Schirm et al. [6] described drug use among fathers during the last 6 months prior to conception in cohorts (consisting of about 60 000 fathers) in Denmark and the Netherlands. They found that one third of the fathers were dispensed drugs during the half year prior to conception. Information on pregnancy outcomes was not available.
Based on two population-based registries, the Medical Birth Registry of Norway (MBRN) and the Norwegian Prescription Database (NorPD), we have previously [7] reported the frequency of prescribed drugs dispensed to fathers the last 3 months prior to conception for 100 000 births in Norway during 2004–6. One fourth of the fathers were dispensed drugs, receiving on average two different drug substances.
Potential adverse effects due to paternal drug exposure may be mediated through direct mutagenic actions, disturbances in spermatogenesis or the transfer of drugs to the female via semen. The extent to which paternal exposures to drugs prior to conception contribute to pregnancy loss or birth defects is still not clear, and there is a need for more information on the effects of paternal drug exposure [8].
The aim of our study was to explore possible associations between drugs dispensed to the father in the last 3 months prior to conception and adverse pregnancy outcomes such as spontaneous abortion, pre-term birth, perinatal mortality, foetal growth retardation and birth defects in a large population-based study. Associations between paternal exposure to drugs prior to conception [6] evaluated to need special attention, and adverse outcomes were particularly explored.
Methods
Data sources
NorPD [9] is a research database which contains information on all prescribed drugs, reimbursed or not, dispensed at pharmacies to individual patients treated in ambulatory care from January 1 2004. NorPD covers the entire population of Norway (approximately 5.0 million). Data on use in institutionalized patients in nursing homes and hospitals are also collected, but these figures are only registered at an institutional level. Therefore, drugs dispensed at institutions are not included in our study. For each prescription, the gender and age of the patient, demographic information, dispensing date and detailed drug information are registered. Classification of drugs is based on the Anatomical Therapeutic Chemical (ATC) classification system [10].
The MBRN is a population-based registry containing information on all births in Norway since 1967 (about 2.6 million births) [11]. The MBRN is based on compulsory notification of births or of pregnancies from 12 completed weeks of gestation onwards, and includes identification on the parents by their personal identity numbers, demographic information on the parents, length of pregnancy as well as information on the infant, including birth defects and other adverse pregnancy outcomes [11]. All pregnancies terminated due to suspected birth defects or health problems for the child are also registered, but for these pregnancies information on the fathers are not recorded.
The MBRN records birth defects that have been diagnosed at the time of delivery or during the initial hospitalization [11]. Also foetal diagnoses and diagnoses obtained at the paediatric departments are reported separately.
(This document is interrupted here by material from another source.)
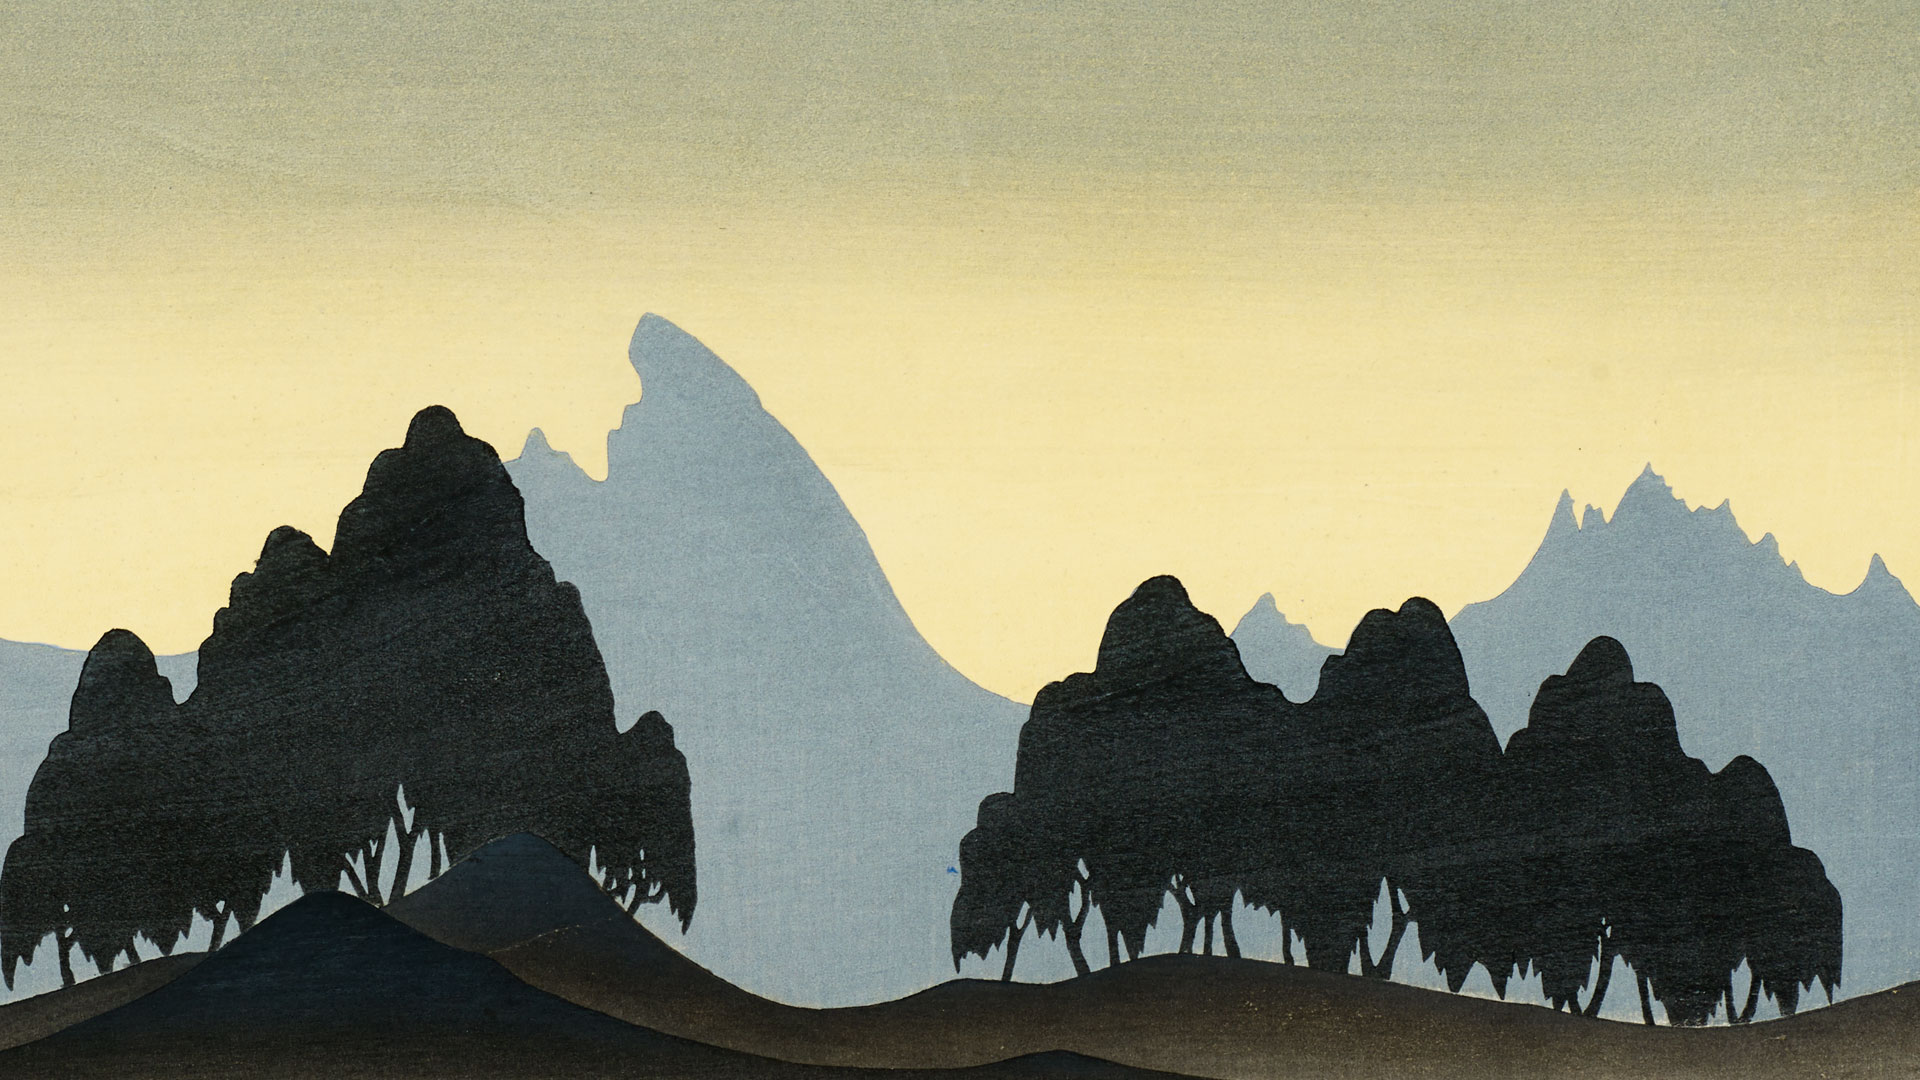 Woodcut print of a scenic landscape in Korea

In this study, data on birth defects included the ICD-10 codes Q00-Q99 and P835, and the defects were grouped by organ system.
Study subjects
Data in the MBRN were linked to NorPD using the unique 11-digit personal identity number, assigned to all individuals living in Norway after 1960.
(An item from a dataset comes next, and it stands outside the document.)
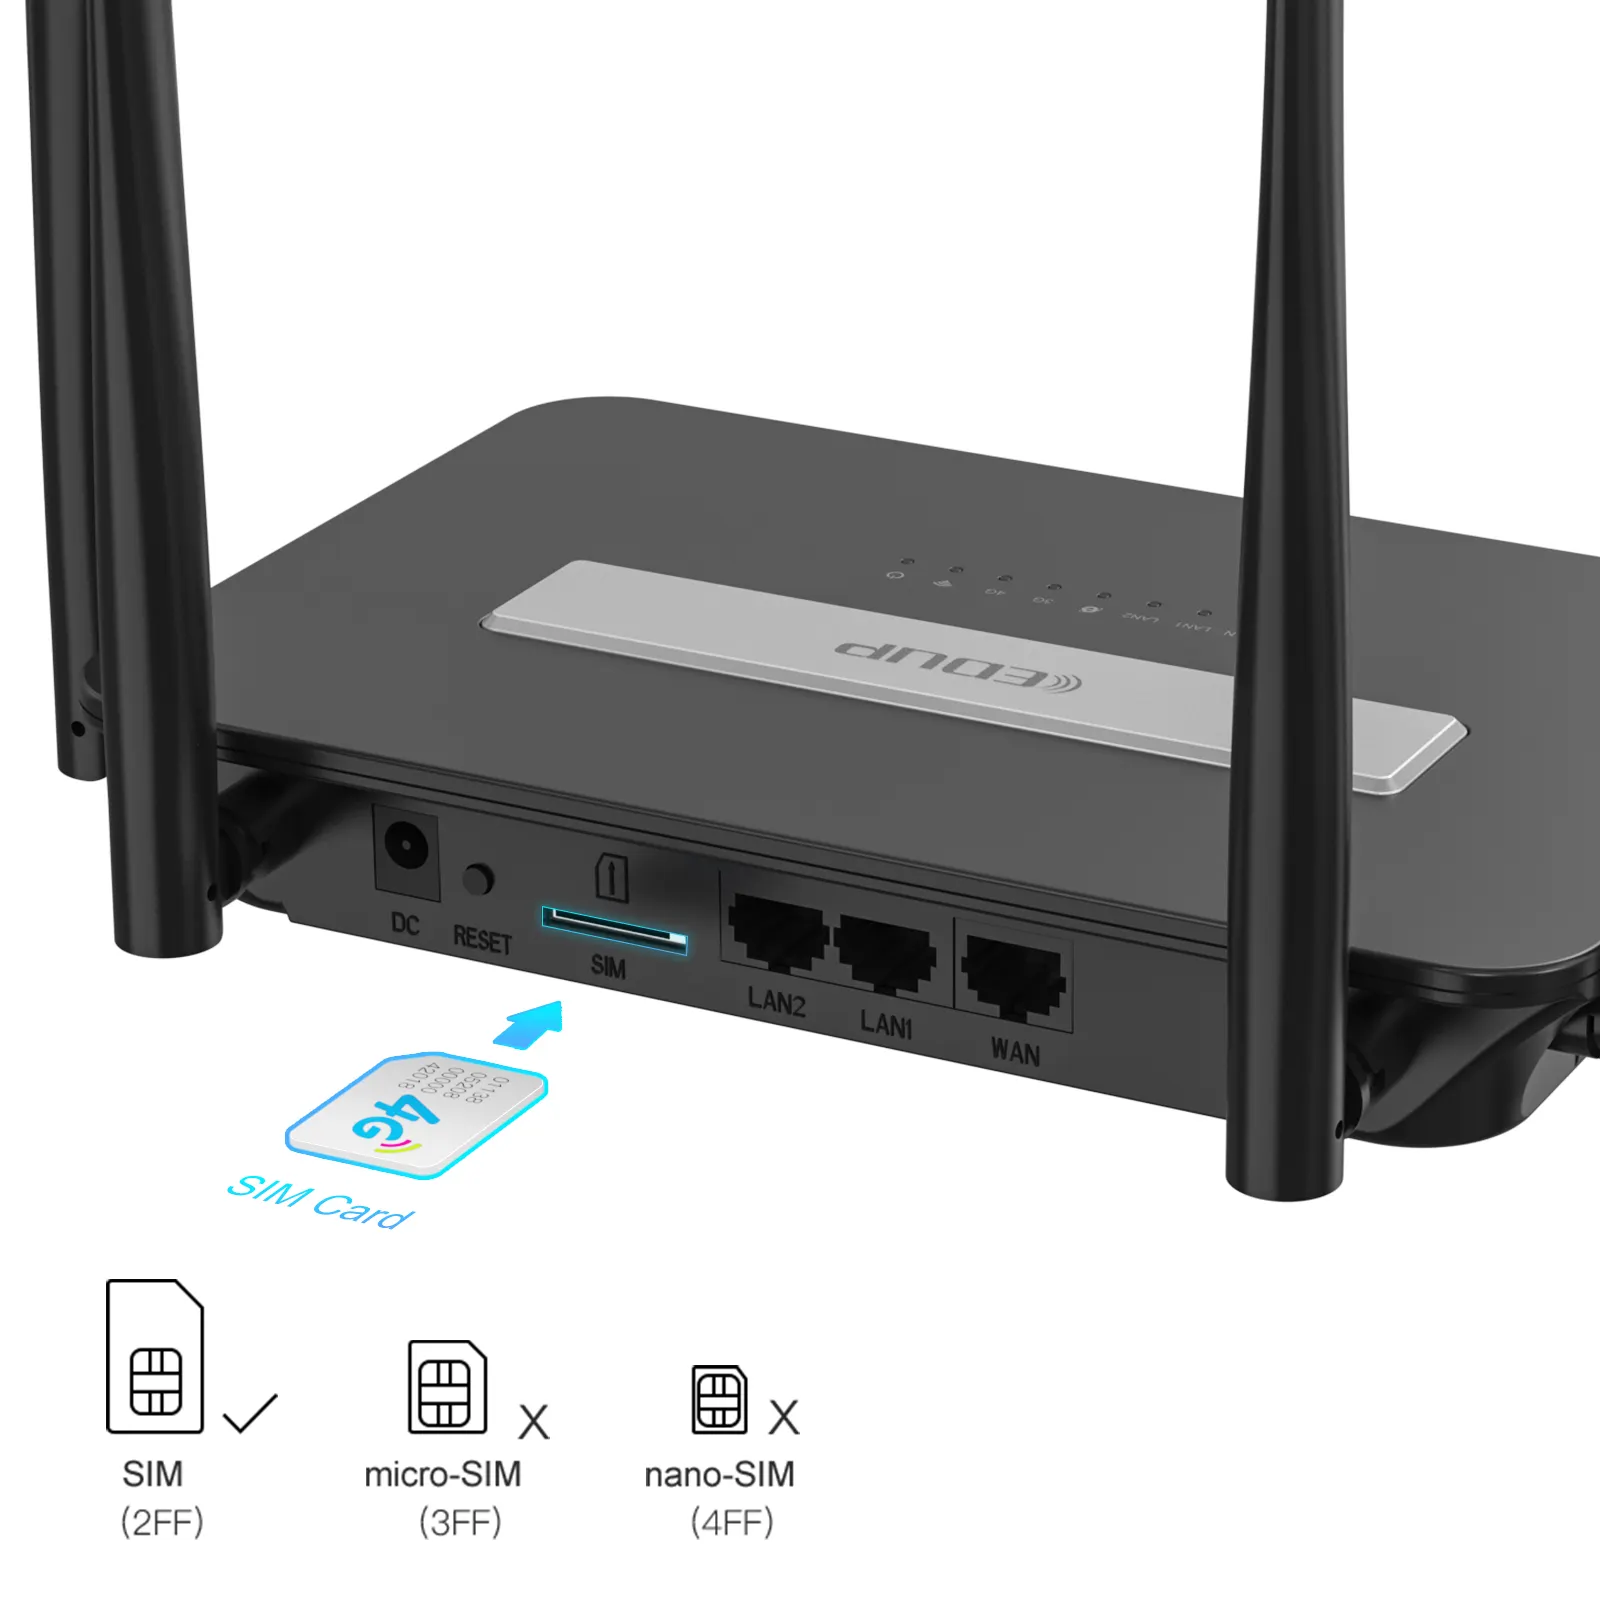 Edup 300Mbps Wifi Router Cpe 4G Lte Modem Wifi Routers B310 Lte Cpe Wifi Router 4G Lte met Sim Card Slot

In our study, all singleton pregnancies, with known pregnancy-length of at least 12 weeks, registered in the MBRN were included, with estimated time of conception April 1 2004 or later and birth prior to January 1 2011 (n = 349 020). Pregnancies with registered length of 45 completed weeks or more were excluded. Using previously published data on birth weight by gestational age [12], we excluded pregnancies ending in a foetus with weight ±4 SDs away from the published weights by gestational age for pregnancies with gestational age 23–44 completed weeks, since the gestational age for these pregnancies probably were wrong. In addition, pregnancies of less than 23 weeks of gestation with foetuses with weight 1000 g or more were excluded (probably wrong gestational age and/or weight). Terminated pregnancies were excluded from the main analysis, since we did not have information on the father in these pregnancies. In total, the identity of the father was reported in 97% of the pregnancies. A total of 336 893 pregnancies were included, birth defects were registered only for children born 2004–9, resulting in 279 796 pregnancies.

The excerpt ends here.